2025-11-30 08:30:10 +08:00
commit f0bd18fb4e
824 changed files with 331919 additions and 0 deletions
--- a/skills/esm/references/esm-c-api.md
+++ b/skills/esm/references/esm-c-api.md
@@ -0,0 +1,583 @@
+# ESM C API Reference
+
+## Overview
+
+ESM C (Cambrian) is a family of protein language models optimized for representation learning and efficient embedding generation.
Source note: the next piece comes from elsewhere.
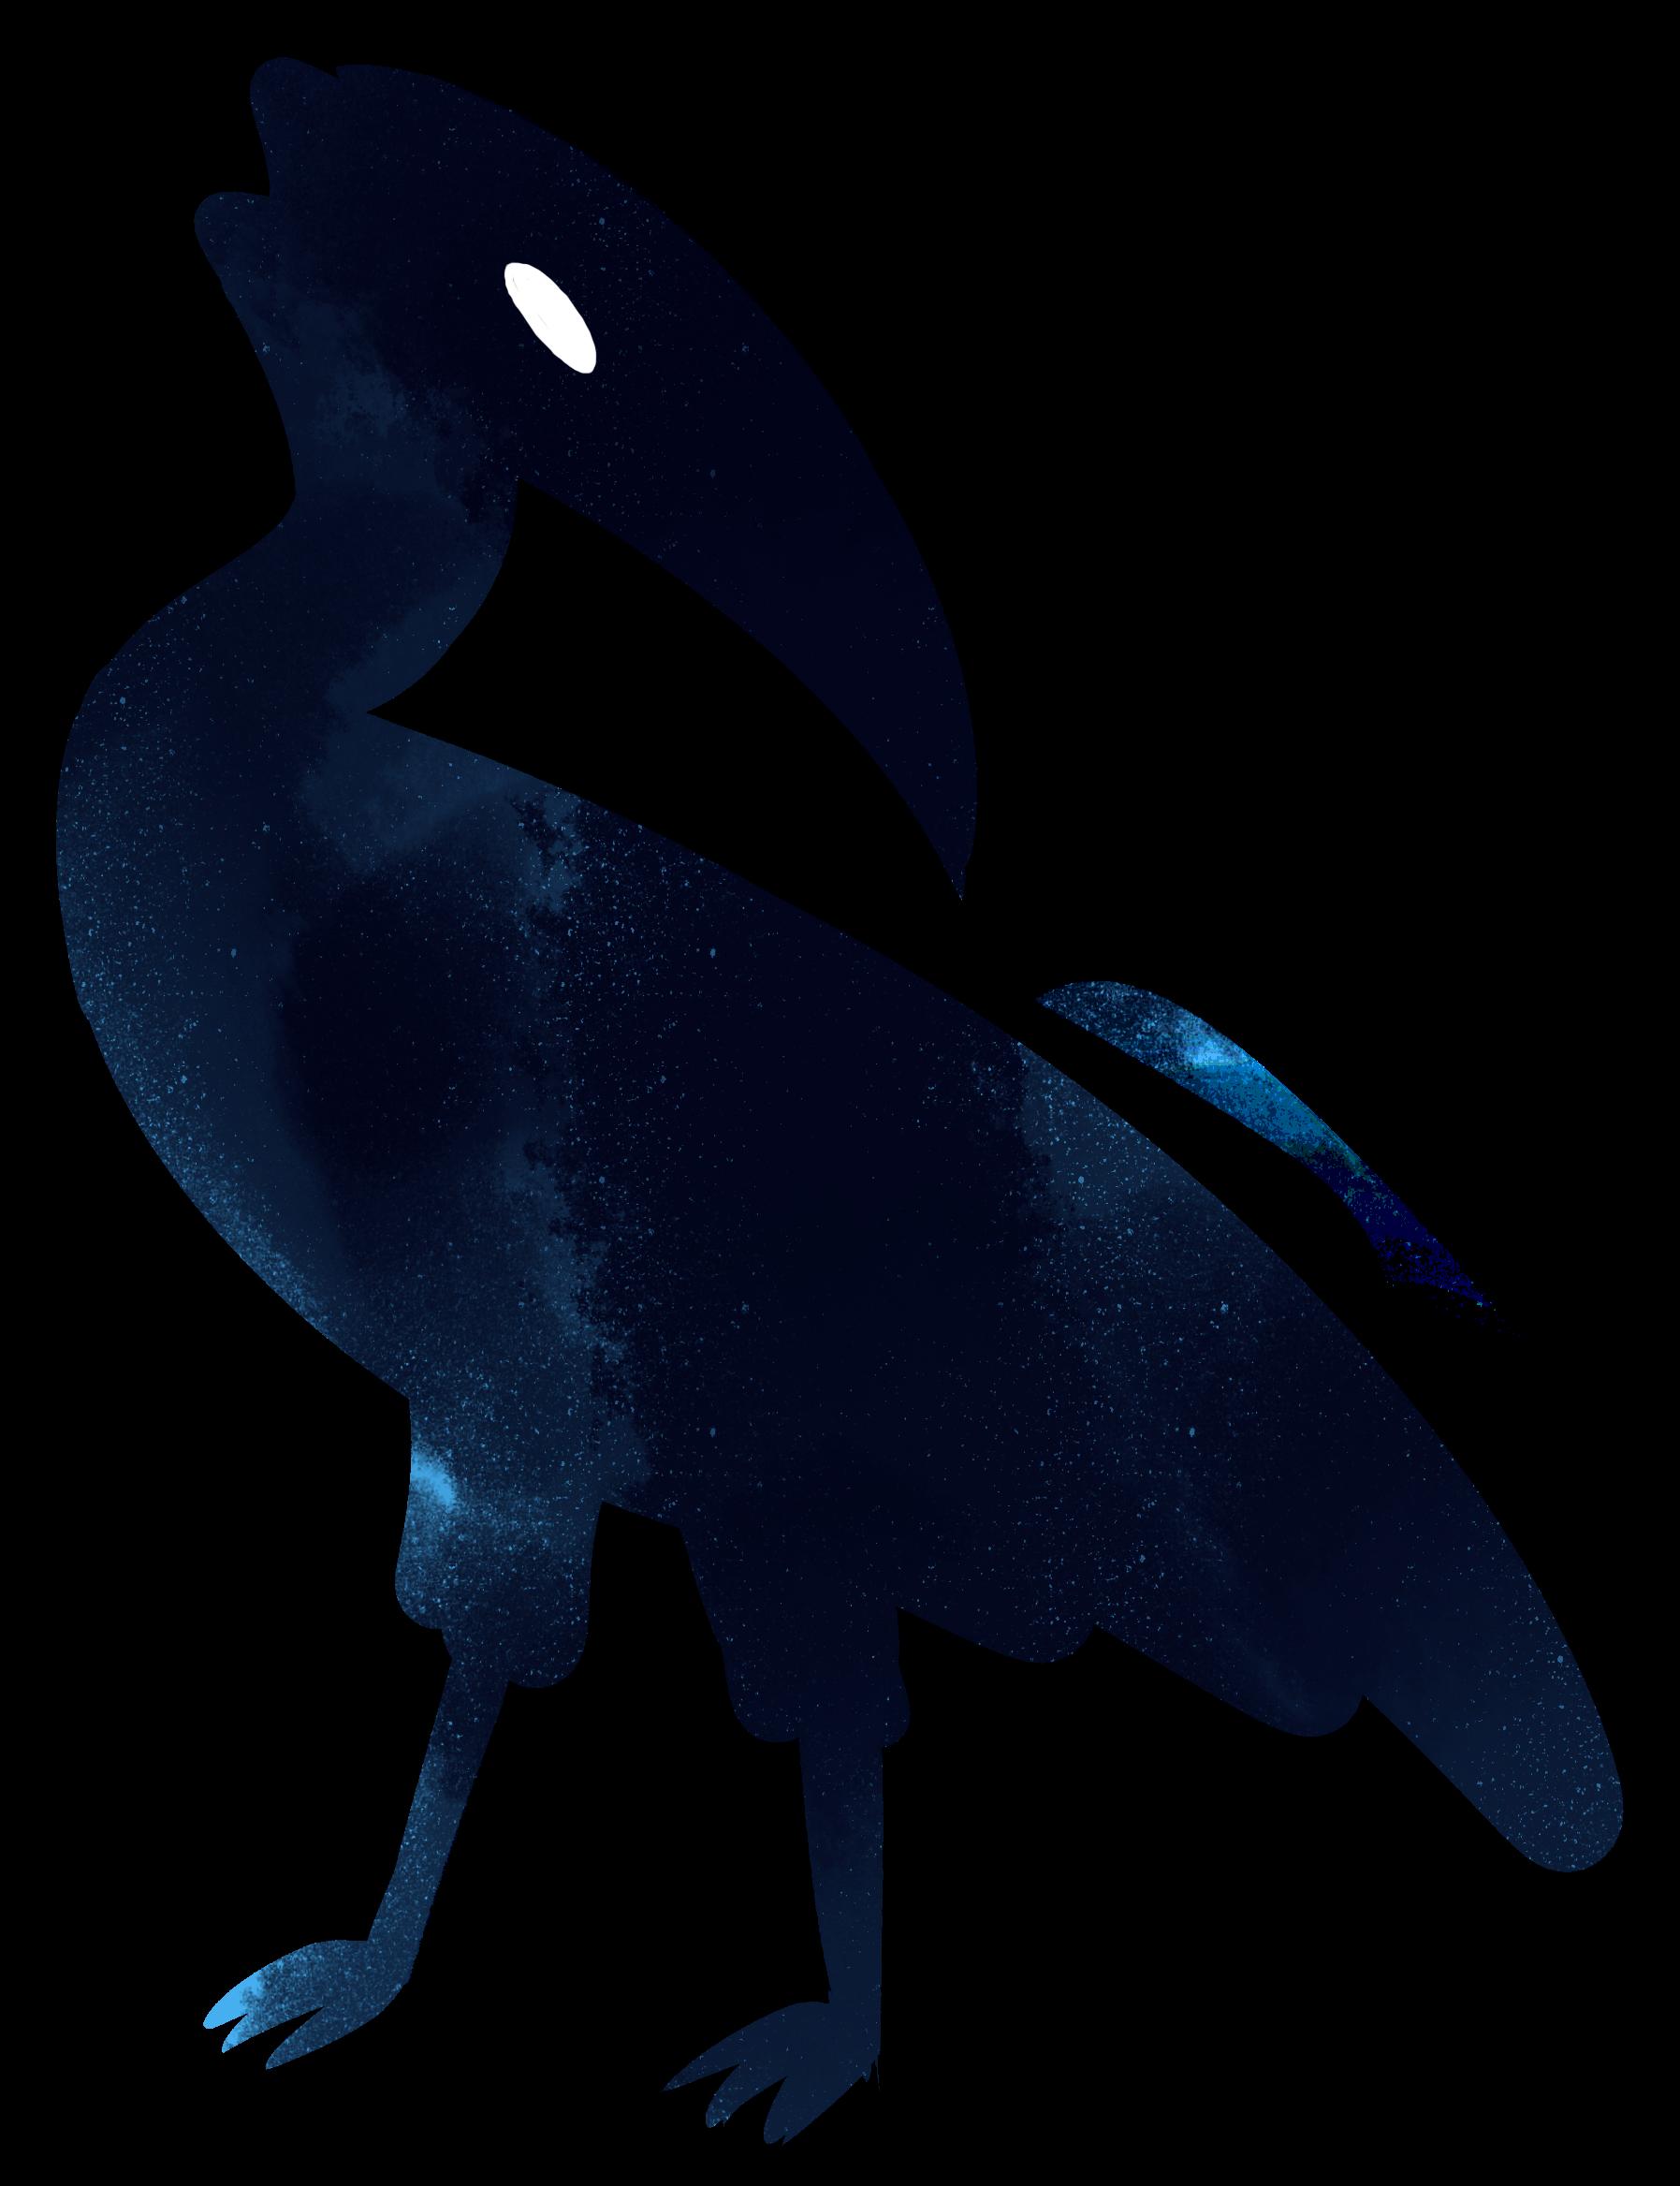 [Image: bird.png]
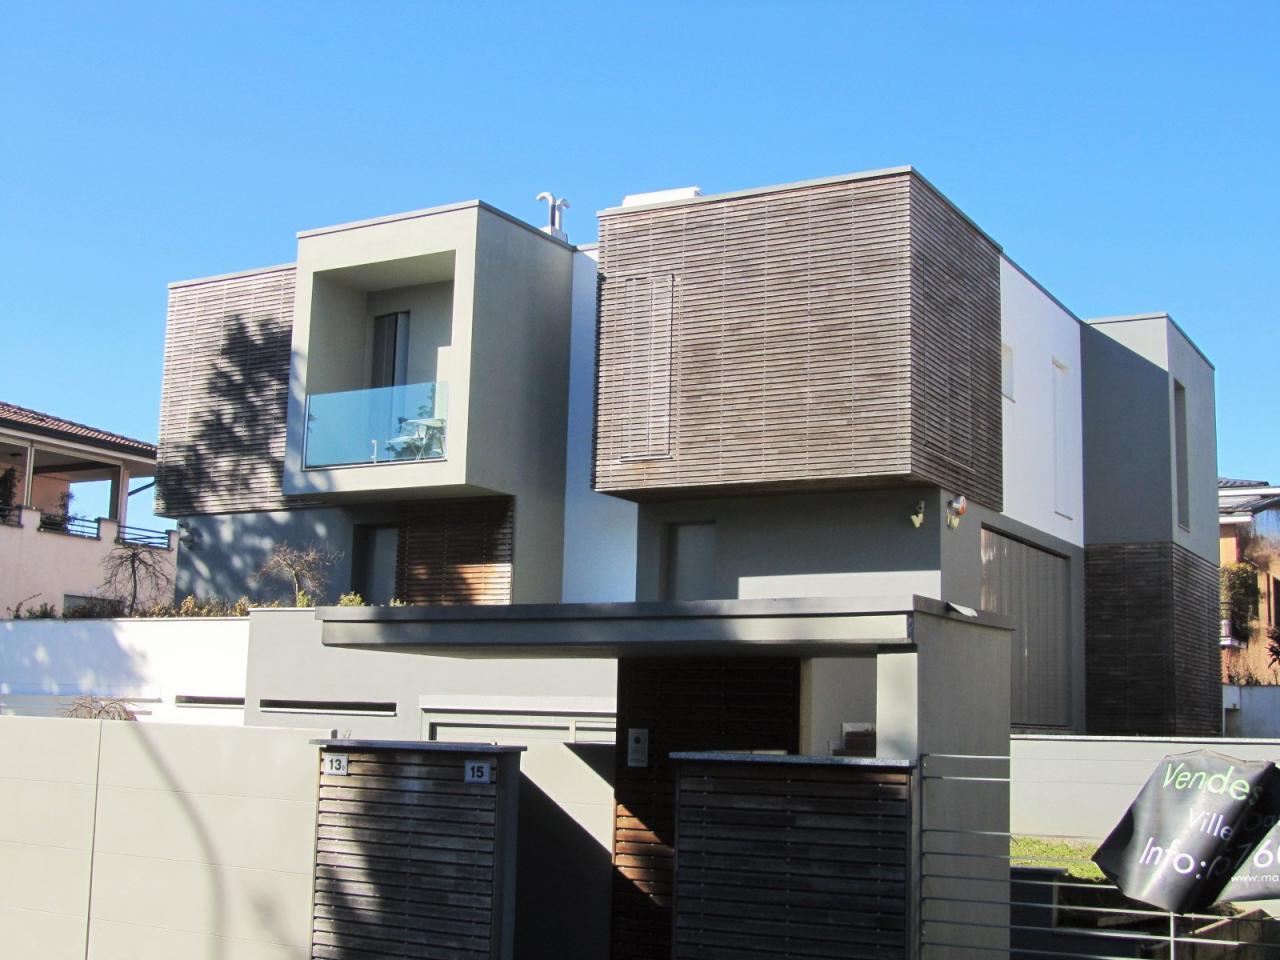 Villa in vendita a Opera, 4 locali, prezzo € 695.000 | PortaleAgenzieImmobiliari.it

Designed as a drop-in replacement for ESM2, ESM C provides significant improvements in speed and quality across all model sizes.
+
+## Model Architecture
+
+**ESM C Family Models:**
+
+| Model ID | Parameters | Layers | Best For |
+|----------|-----------|--------|----------|
+| `esmc-300m` | 300M | 30 | Fast inference, lightweight applications |
+| `esmc-600m` | 600M | 36 | Balanced performance and quality |
+| `esmc-6b` | 6B | 80 | Maximum representation quality |
+
+**Key Features:**
+- 3x faster inference than ESM2
+- Improved perplexity and embedding quality
+- Efficient architecture for production deployment
+- Compatible with ESM2 workflows (drop-in replacement)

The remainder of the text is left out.